Keeping pictures out, repeat the lines of the listing below exactly, starting at its first line and finishing with the one that holds "Und so entsteht ein Vogelnest".

━━━

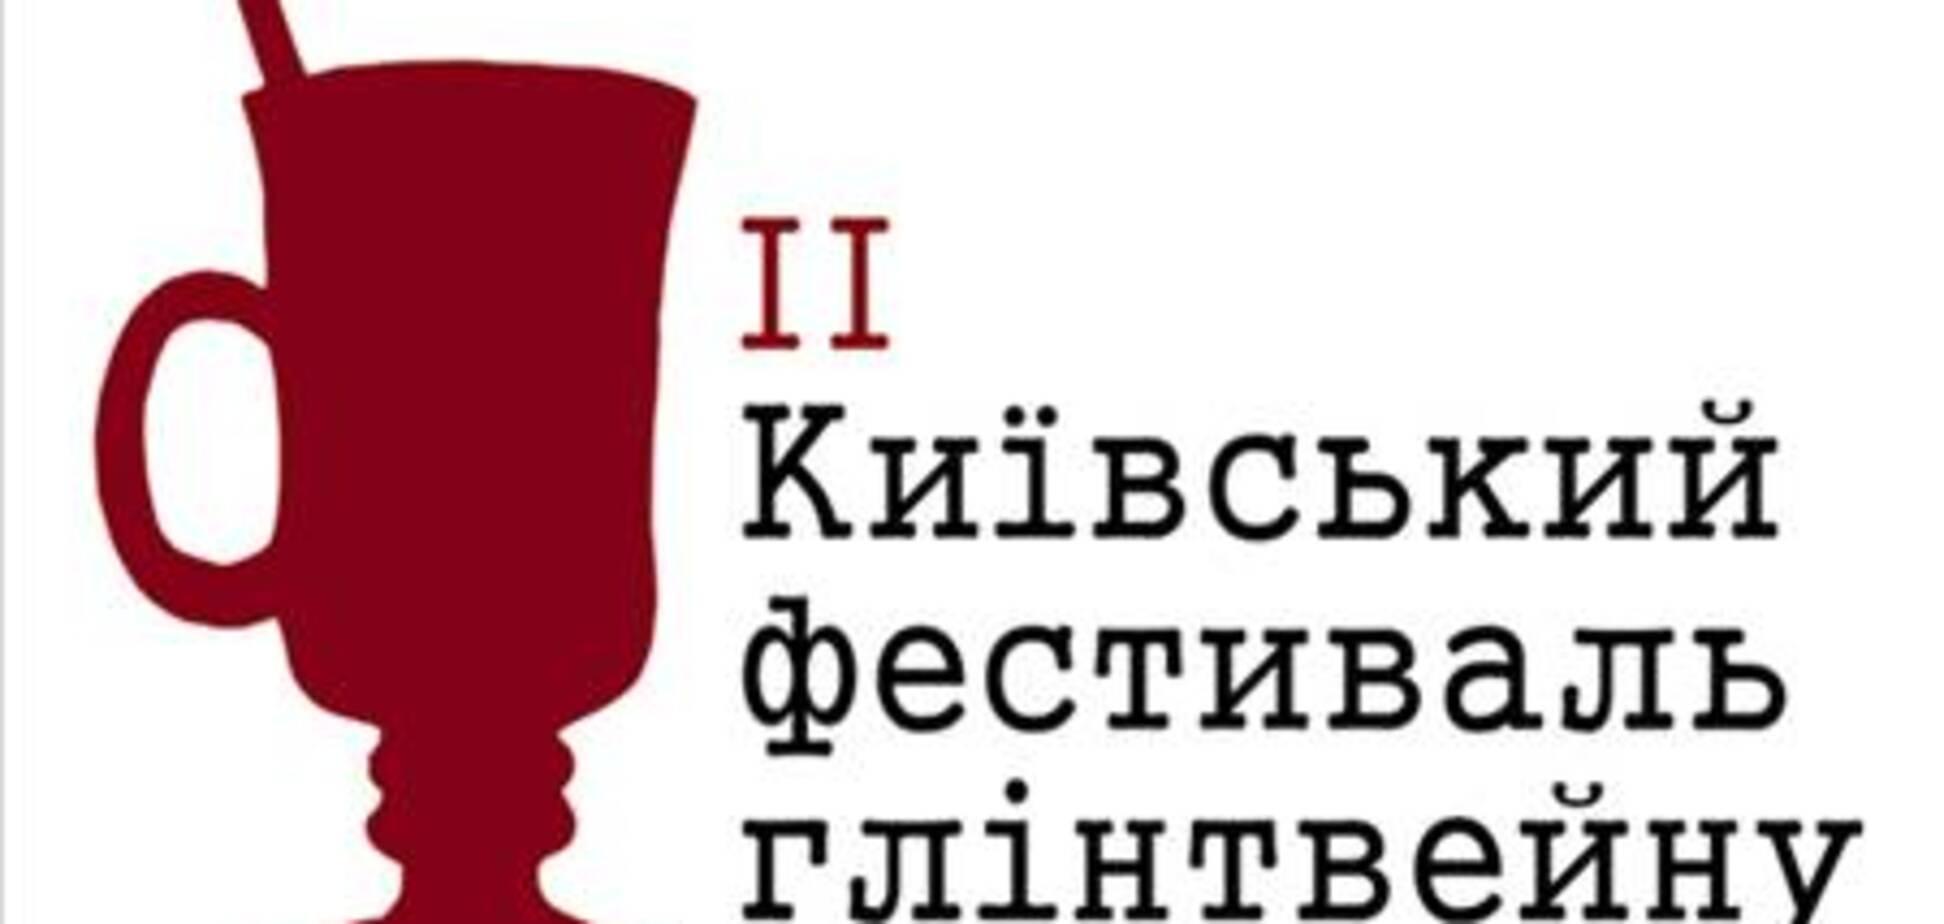 ІІ Киевский фестиваль глинтвейна
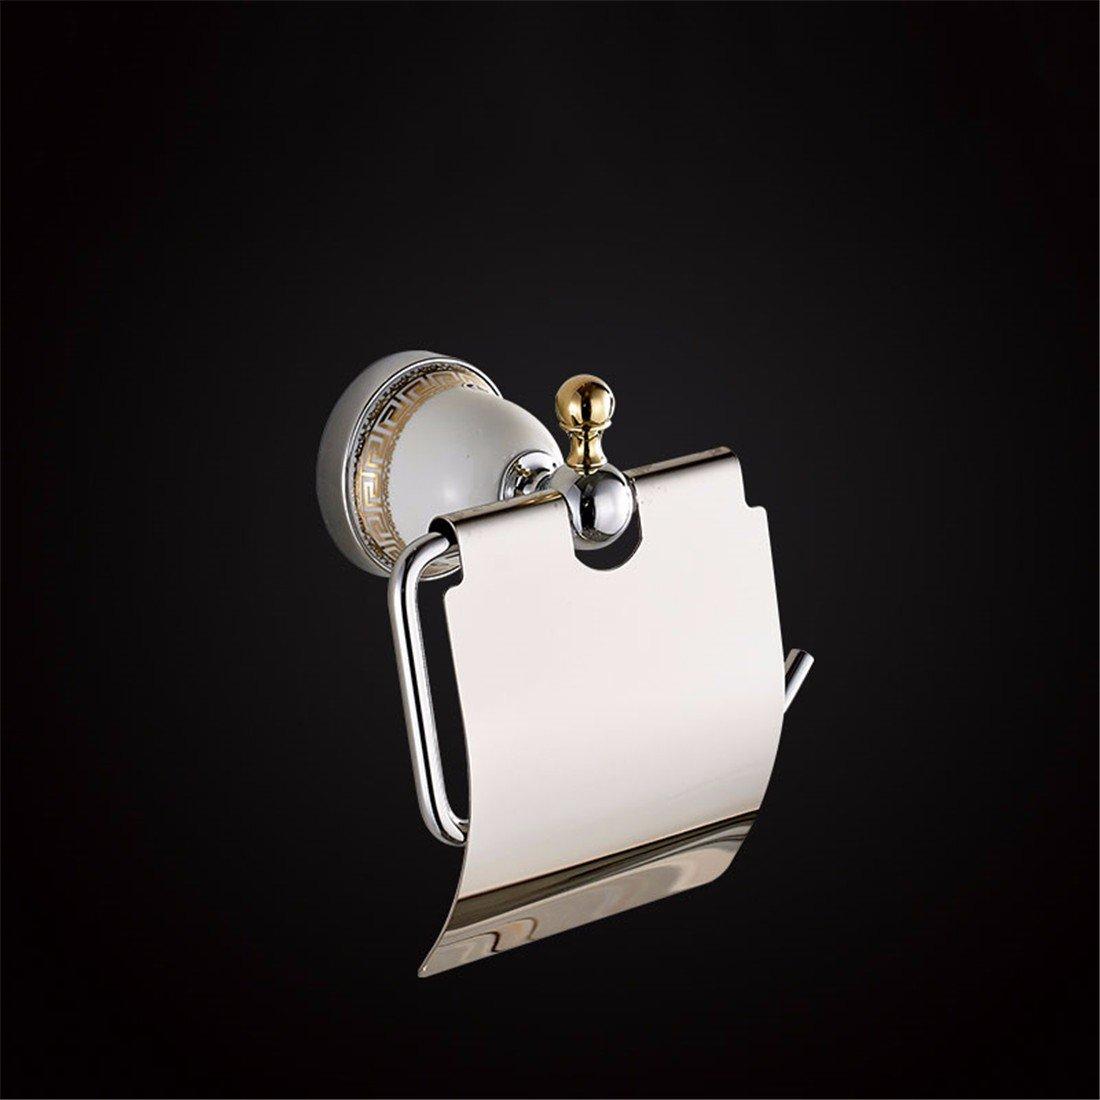 SADASD cobre cromo cromo cromo Portarrollos de Cerámica Juego de accesorios de baño para colgar en la pared estilo pastoral 18f72b
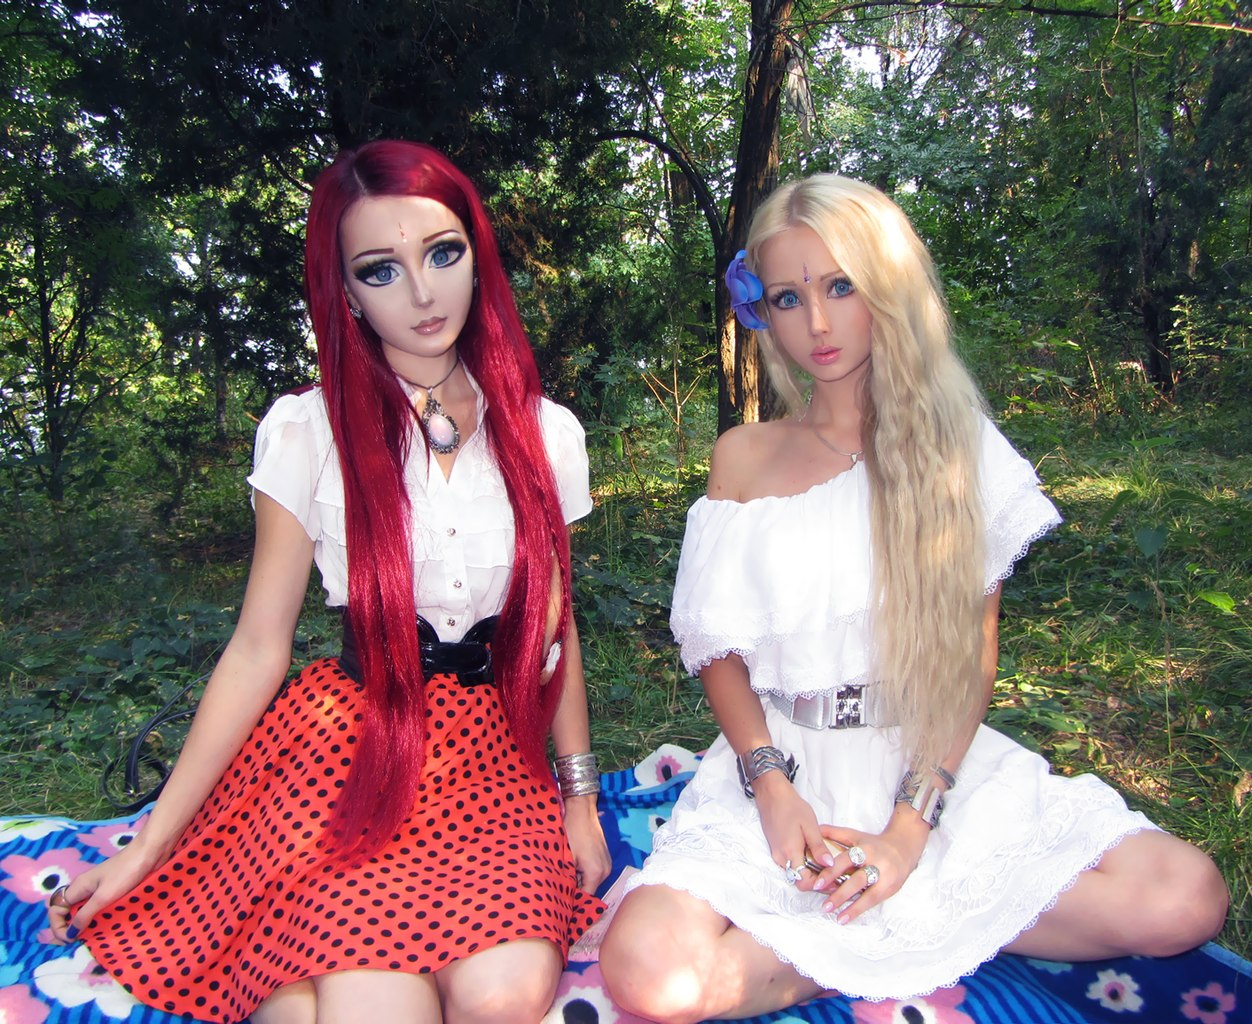 Фото голых девочек на пикниках 21 фотография
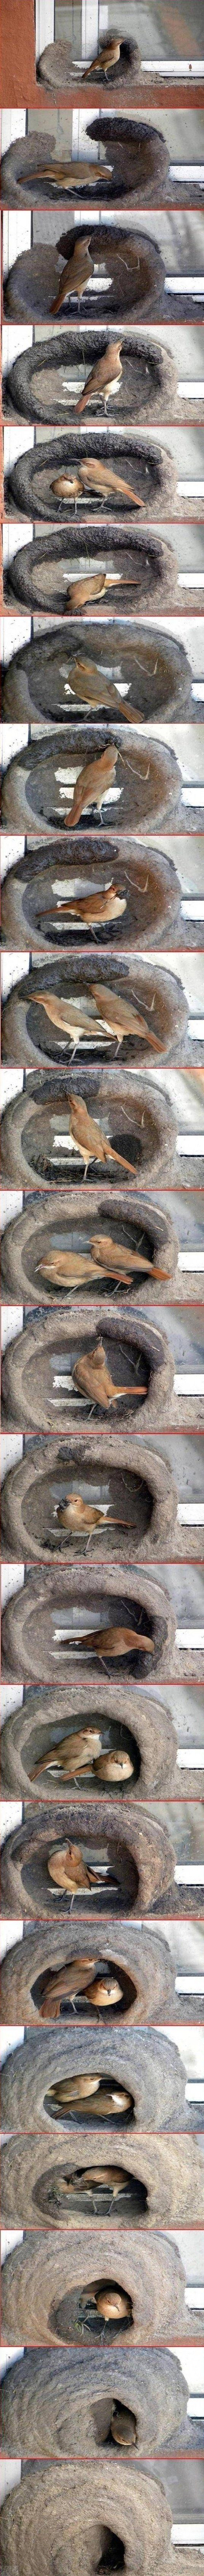 Und so entsteht ein Vogelnest
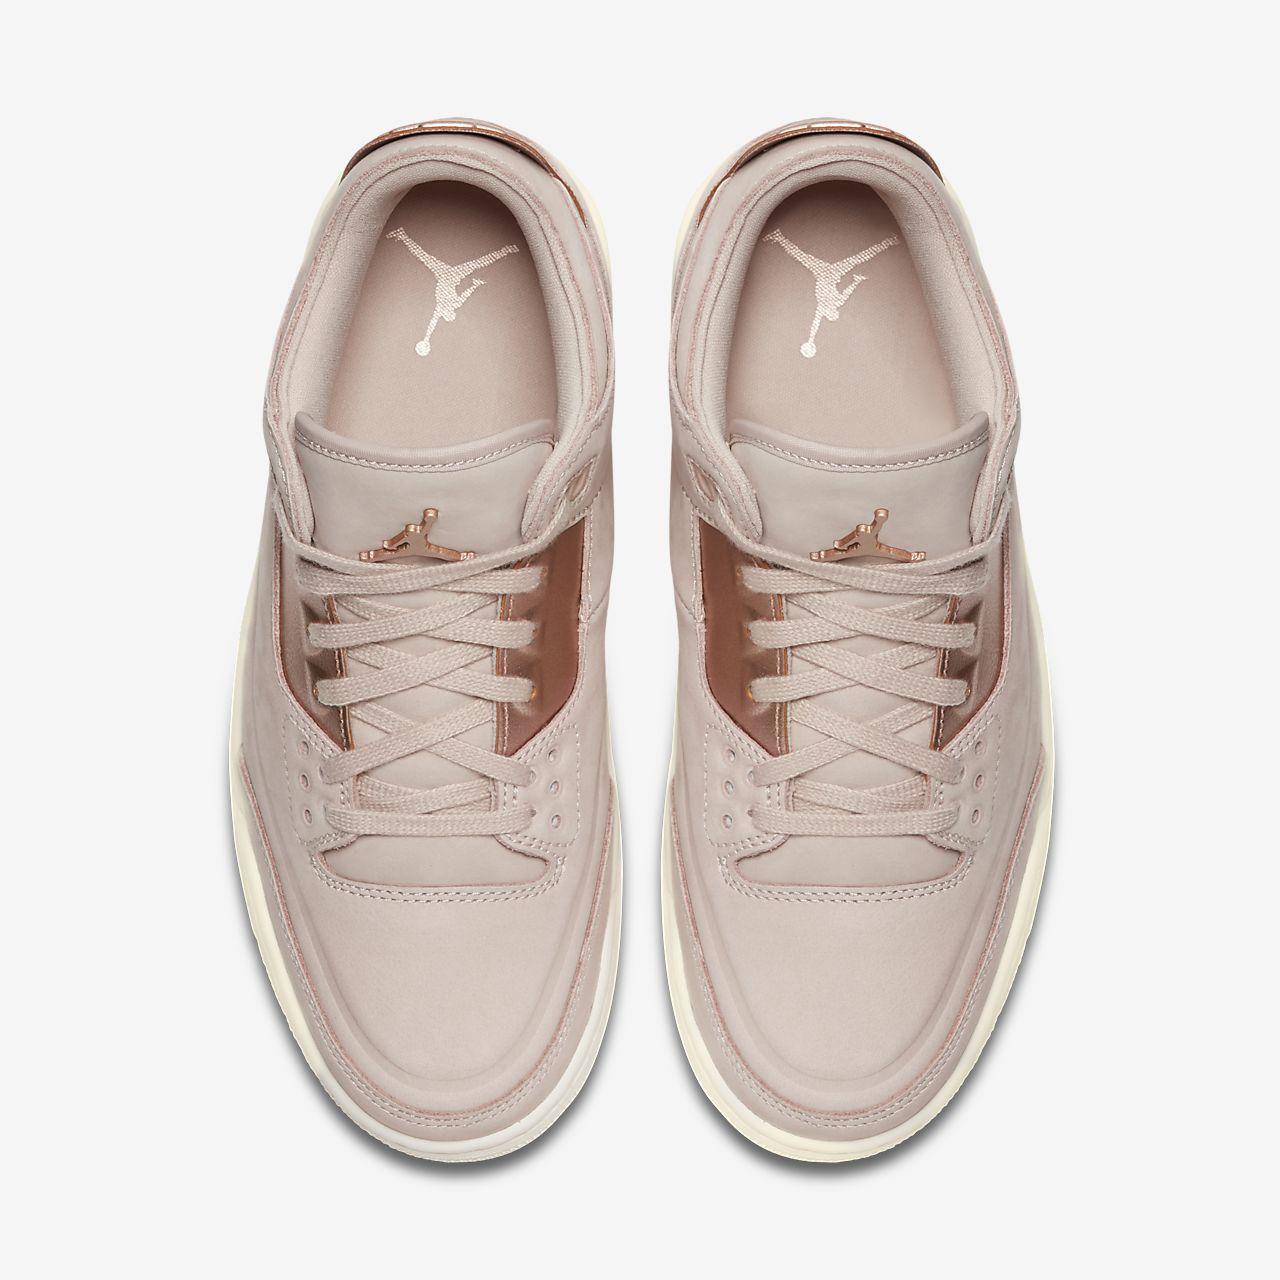 f4a47b870b9e Air Jordan 3 Retro SE Women s Shoe. Nike.com SG
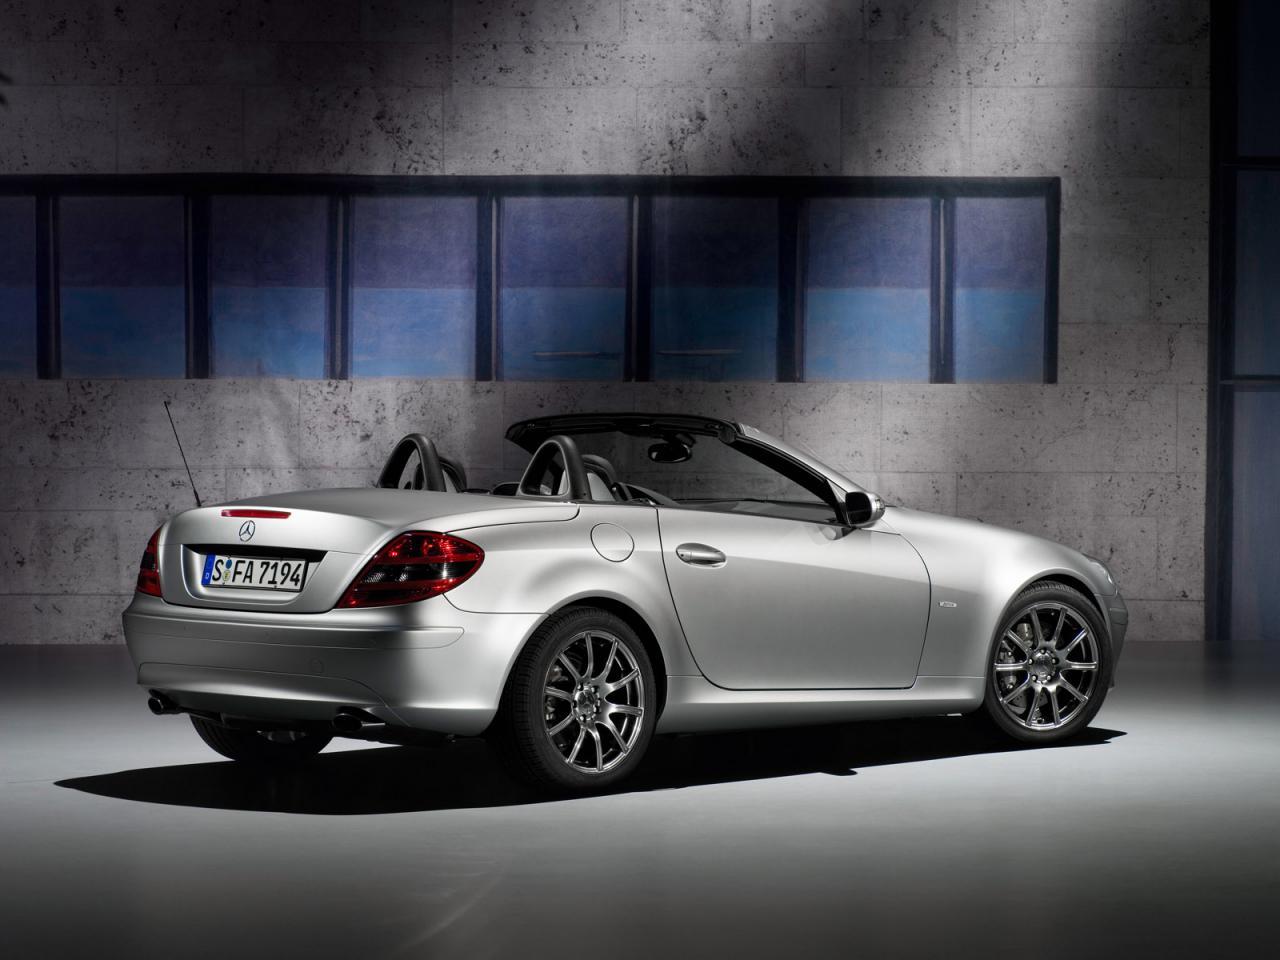 2006 Mercedes Benz SLK R171 200K
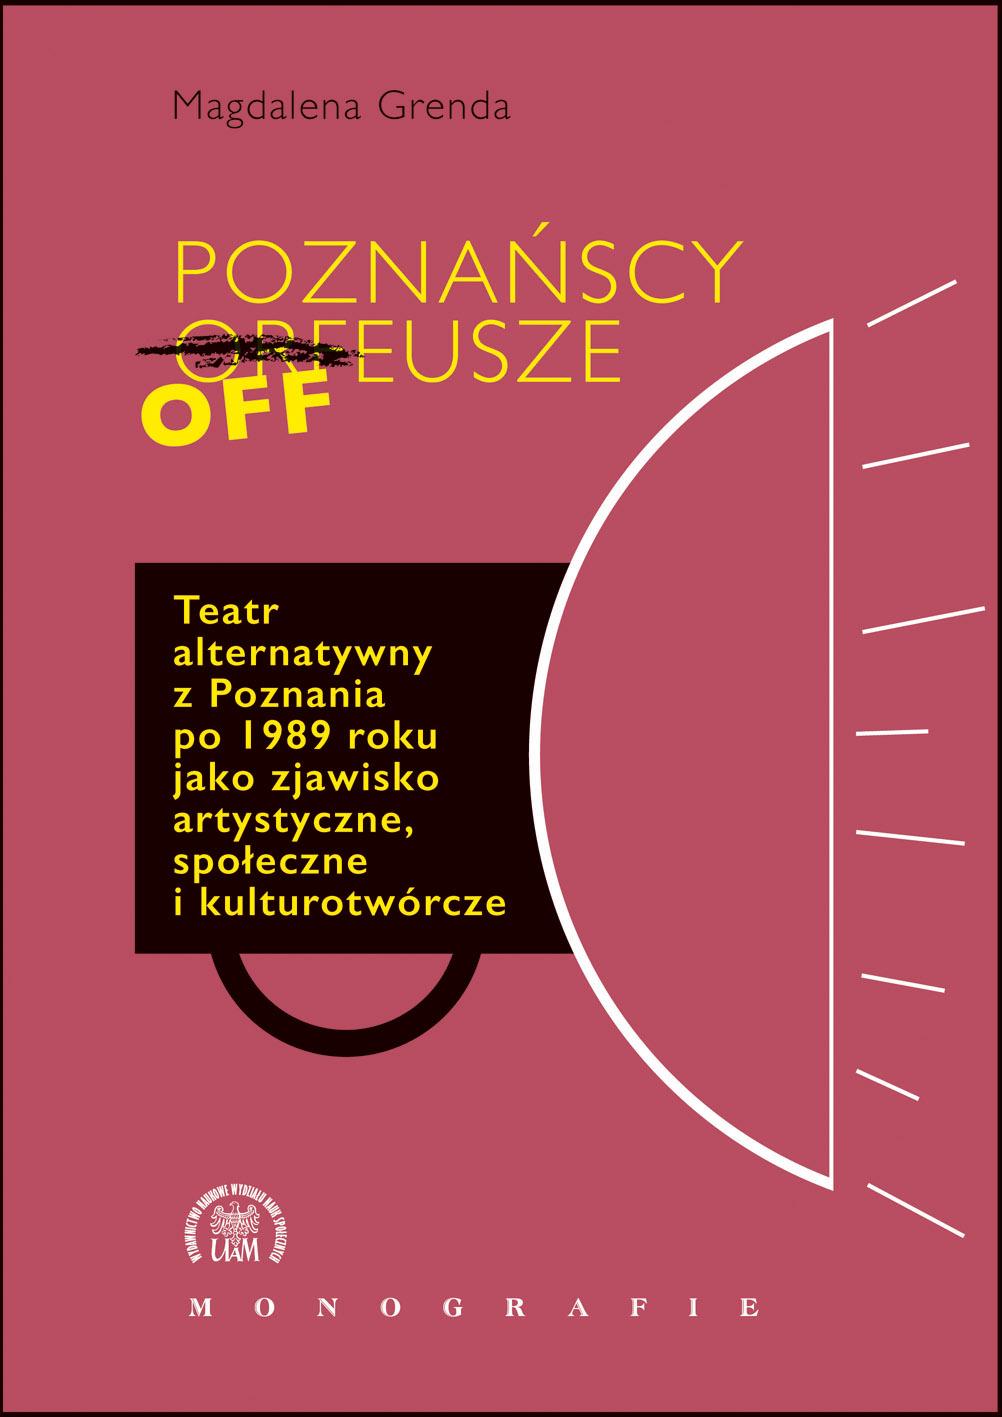 Poznanscy Offeusze

━━━

§ ANSWER SECTION:
 ІІ Киевский фестиваль глинтвейна
 SADASD cobre cromo cromo cromo Portarrollos de Cerámica Juego de accesorios de baño para colgar en la pared estilo pastoral 18f72b
 Фото голых девочек на пикниках 21 фотография
 Und so entsteht ein Vogelnest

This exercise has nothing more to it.